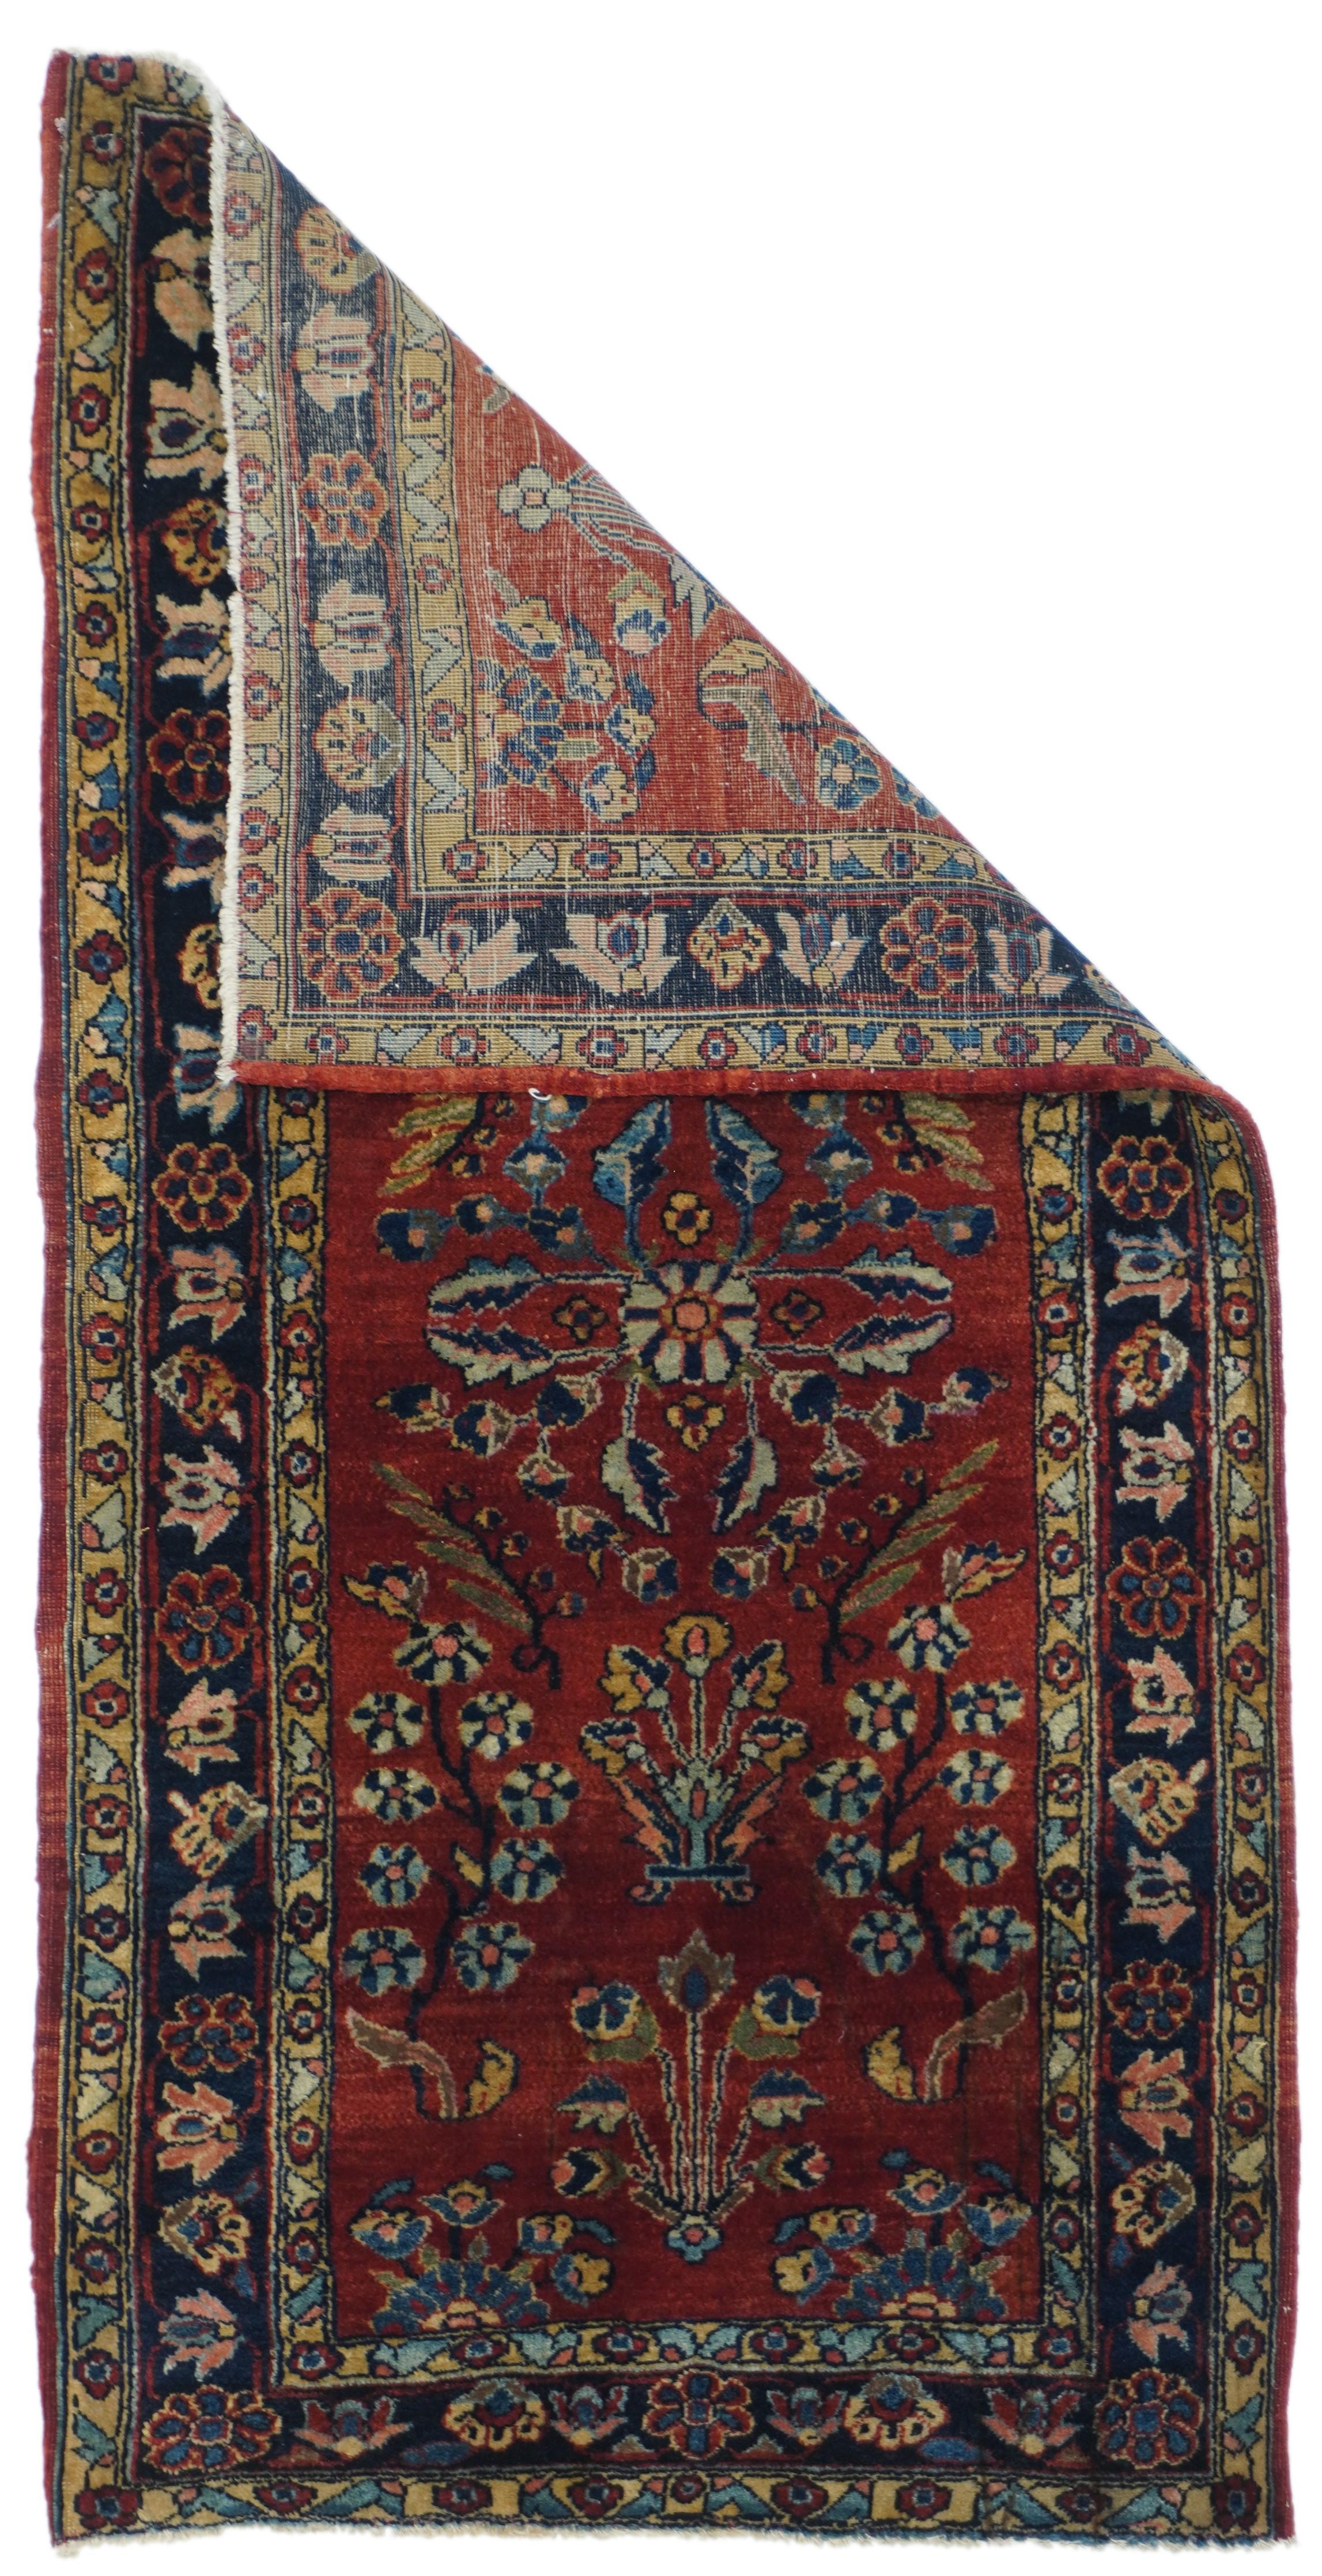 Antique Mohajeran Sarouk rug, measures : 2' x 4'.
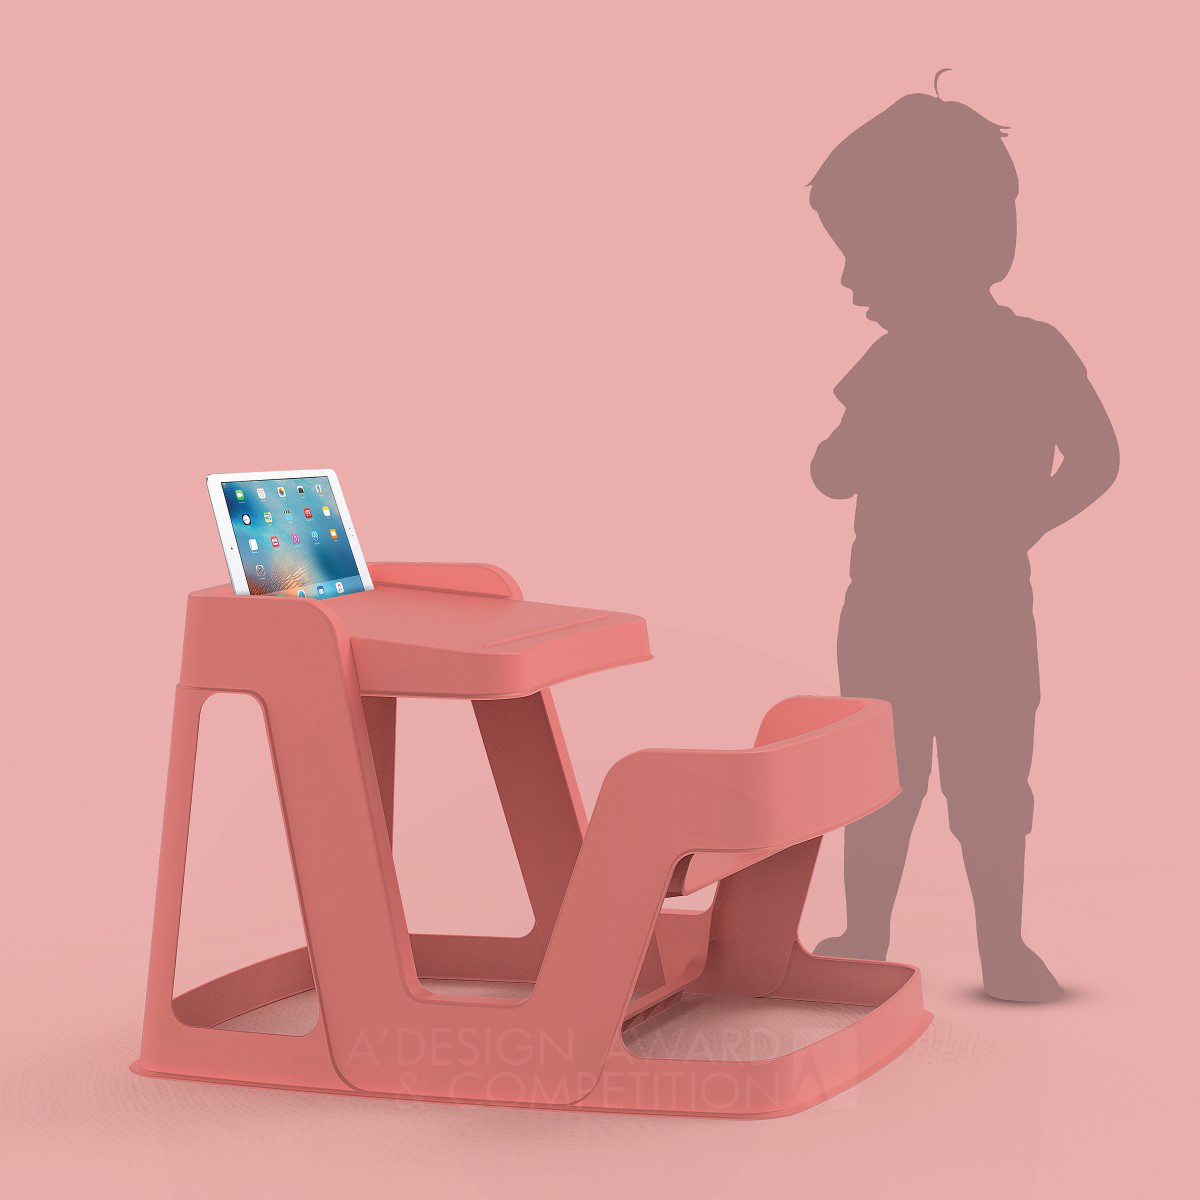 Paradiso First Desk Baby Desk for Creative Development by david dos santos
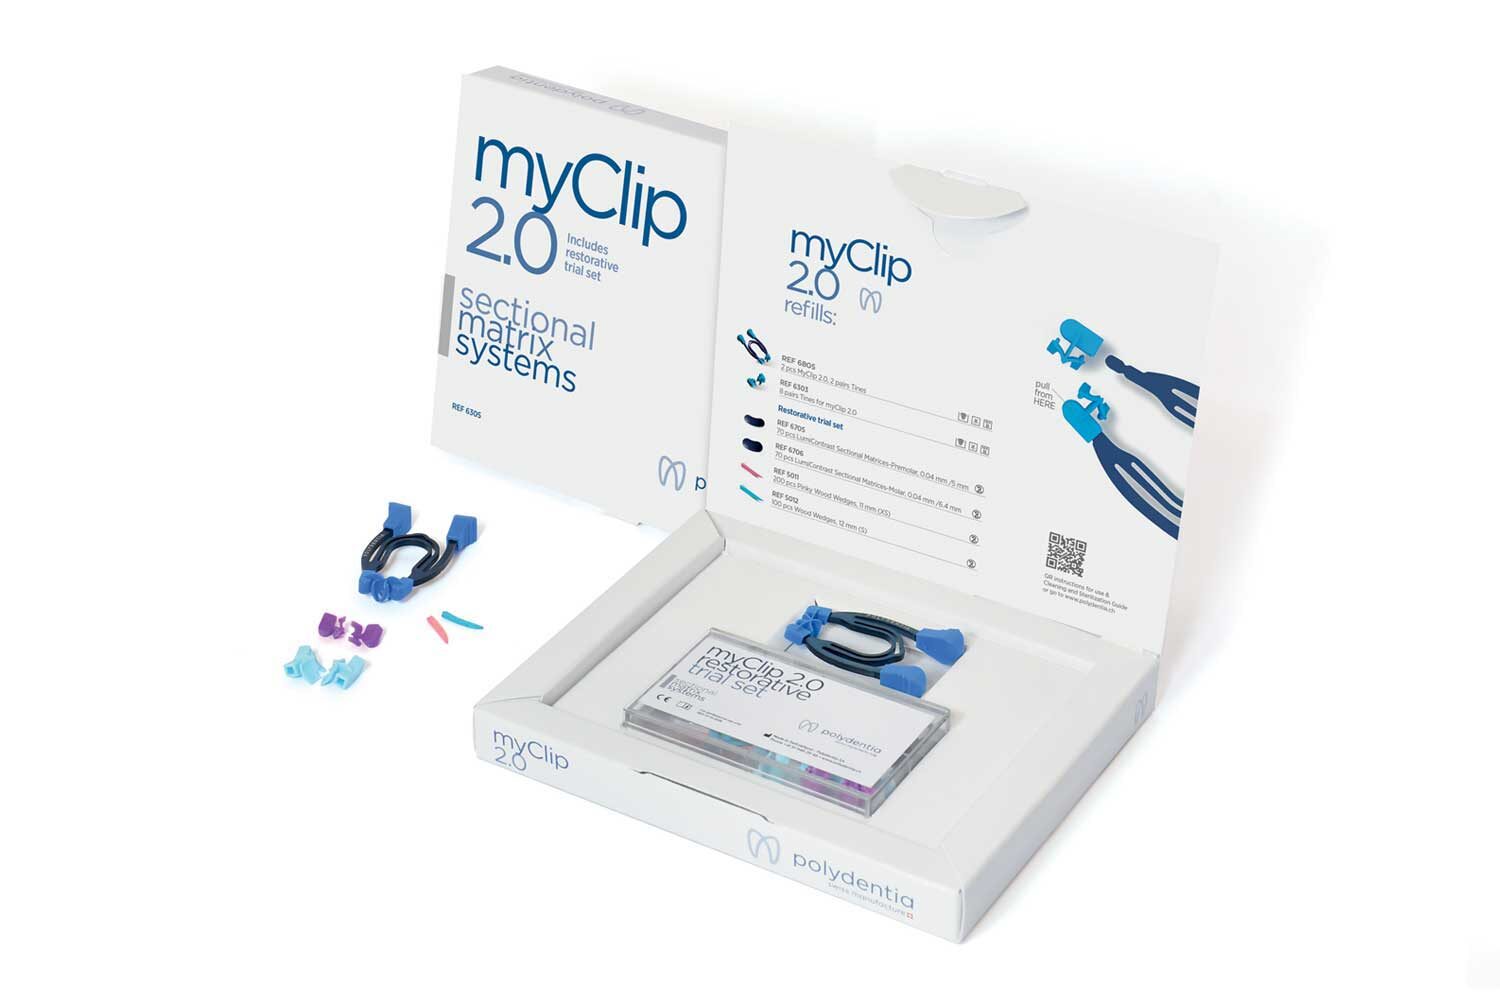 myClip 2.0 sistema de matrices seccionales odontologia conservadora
☆ ☆ ☆ ☆
▶ _Exercise requirements_
The range to set down runs from the line containing "Paradiso First Desk" through the final line of the data, both ends included; give it exactly and drop the pictures.

▶ _Solution_
 Paradiso First Desk Baby Desk for Creative Development by david dos santos
 myClip 2.0 sistema de matrices seccionales odontologia conservadora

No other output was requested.